By 18, he had transformed his body and was already prepping for his first competition, and he hasn’t stopped since. A classicist at heart, he follows the exact programs of iconic, 1970s-era bodybuilders. He likes their simplicity, technique, and of course, their results.

But it’s more than just technique and momentum driving him forward. Saniranh and the weights have “become one,” he says.
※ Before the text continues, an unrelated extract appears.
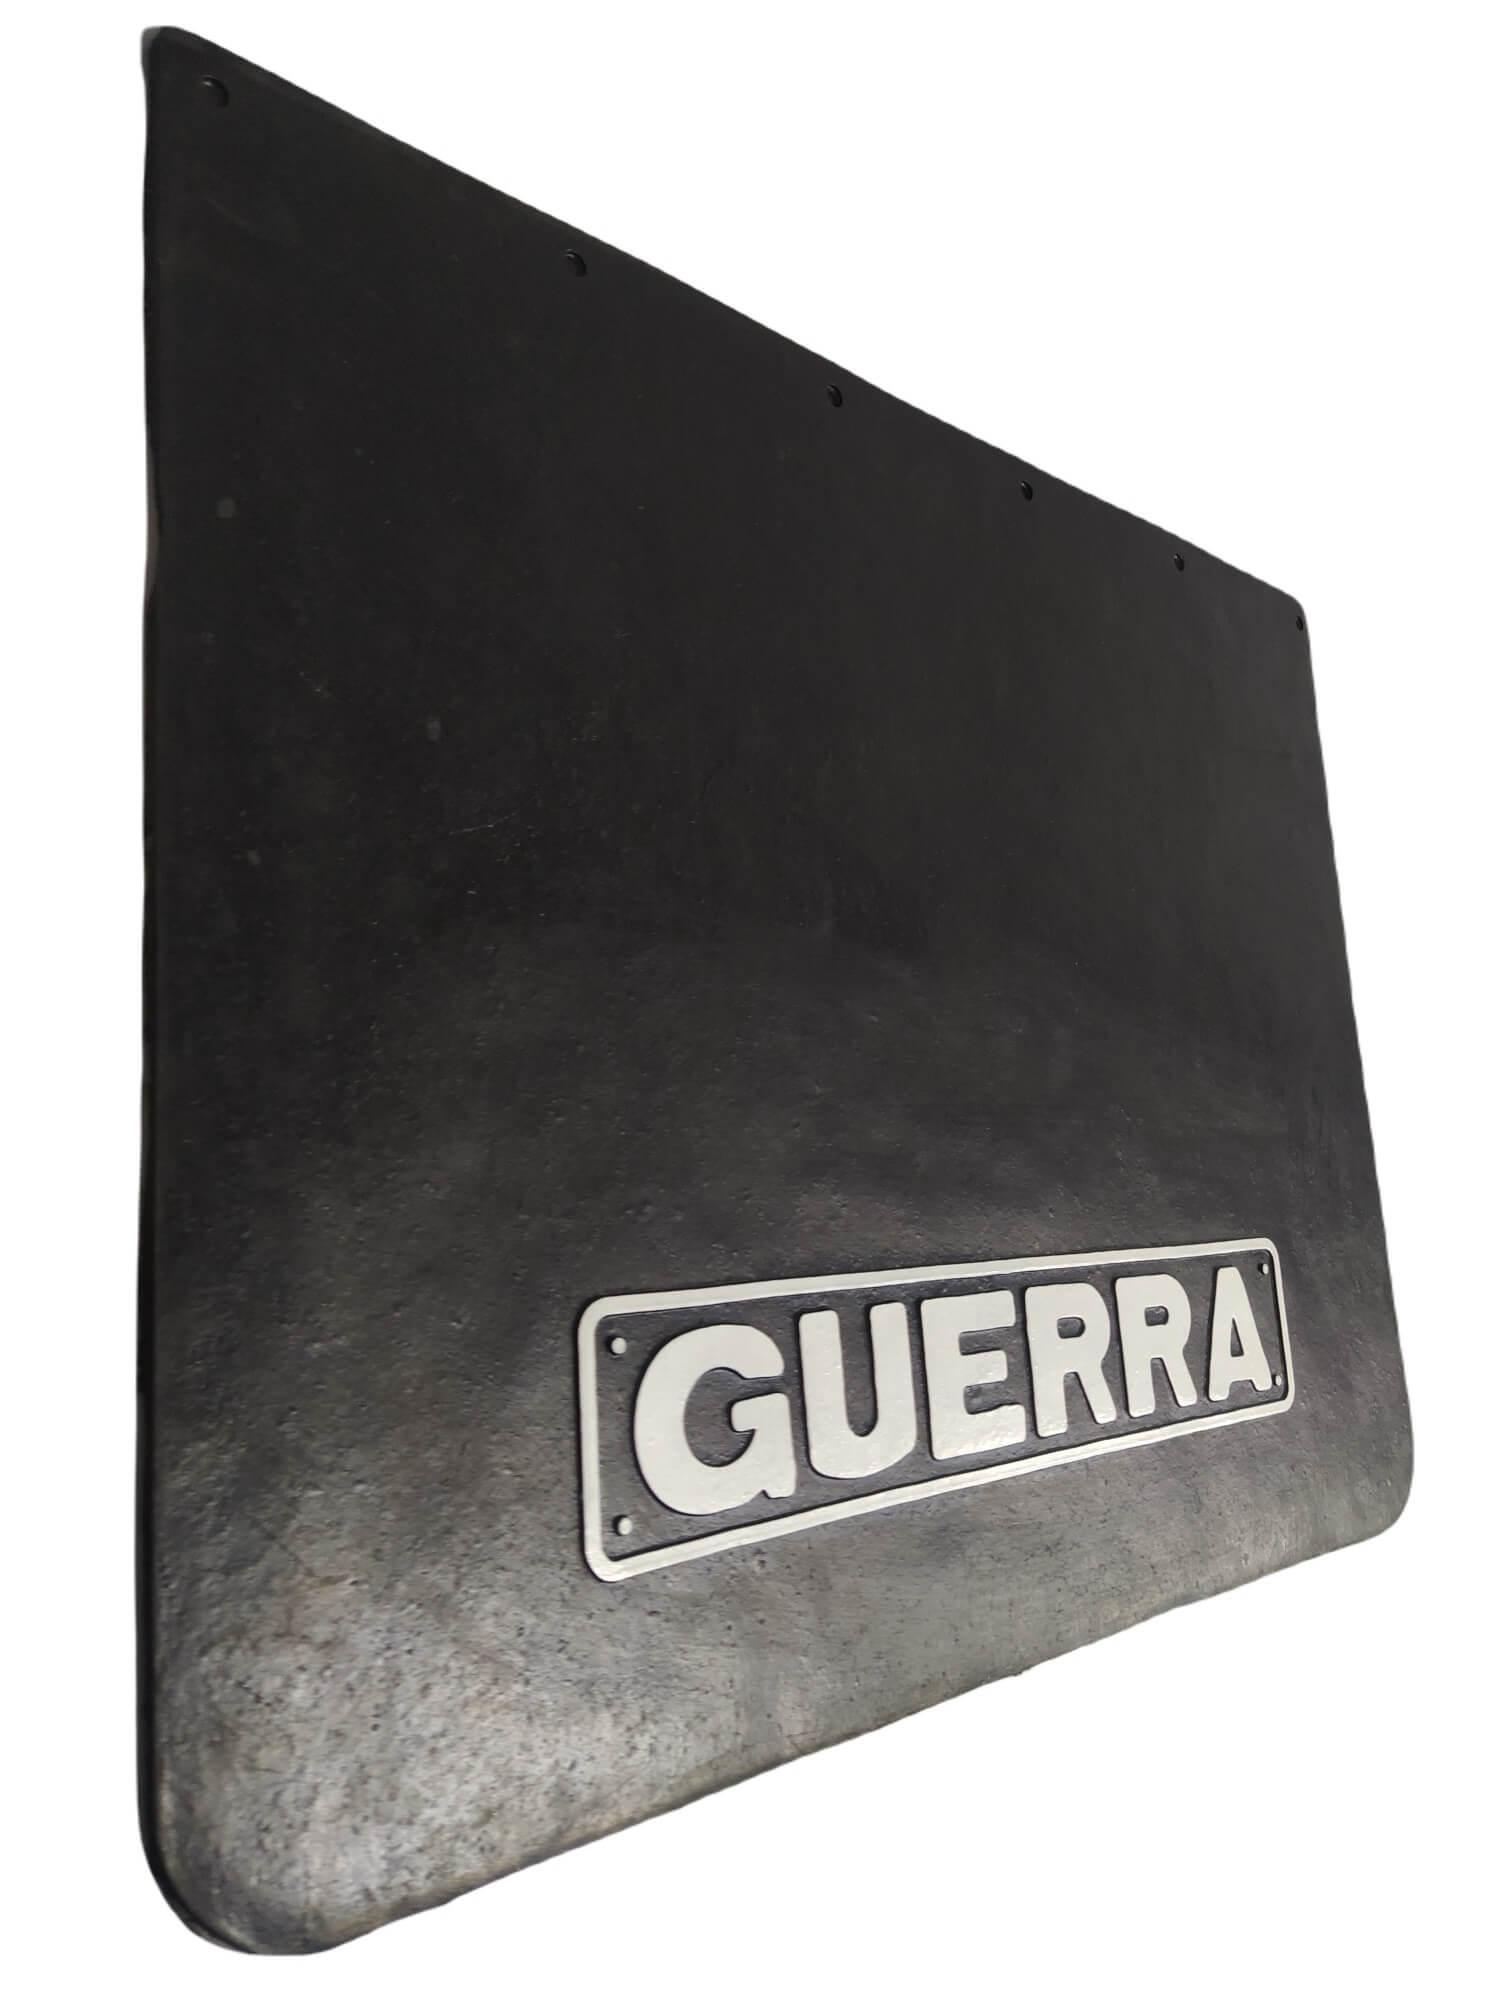 2 Parabarro Borracha Carreta Guerra 53 X 69 Cm Lameiro Preto e Branco

Today, Saniranh is one of our brilliant customer service representatives, a first responder to the calls for supplement guidance and training and nutritional help. Here’s what he had to say about working with his team, working out by himself, and learning alongside our customer base.

Snapshot: Niranh Saniranh

  • Height: 5′ 11″
  • Weight: 175 lbs.
  • Occupation: Customer Service Representative
  • Location: Boise, Idaho

Contest Highlights:

  • 2015 NPC Idaho Cup: Men’s Physique, 4th place
  • 2018 NPC Idaho Muscle Classic: Men’s Physique, 3rd place, and Classic Physique, 4th place

Social Links:

When did you get into fitness?

I was athletic when I was a young kid, playing basketball all the time, but when I got to high school I had a hard time with my physicality for a while. I was really skinny, I had bad acne, and people made fun of me, so of course I became introverted and shy, which made everything worse. I had a really hard time socially. I didn’t fit in, and I didn’t like what I saw in the mirror every morning. Things were rough.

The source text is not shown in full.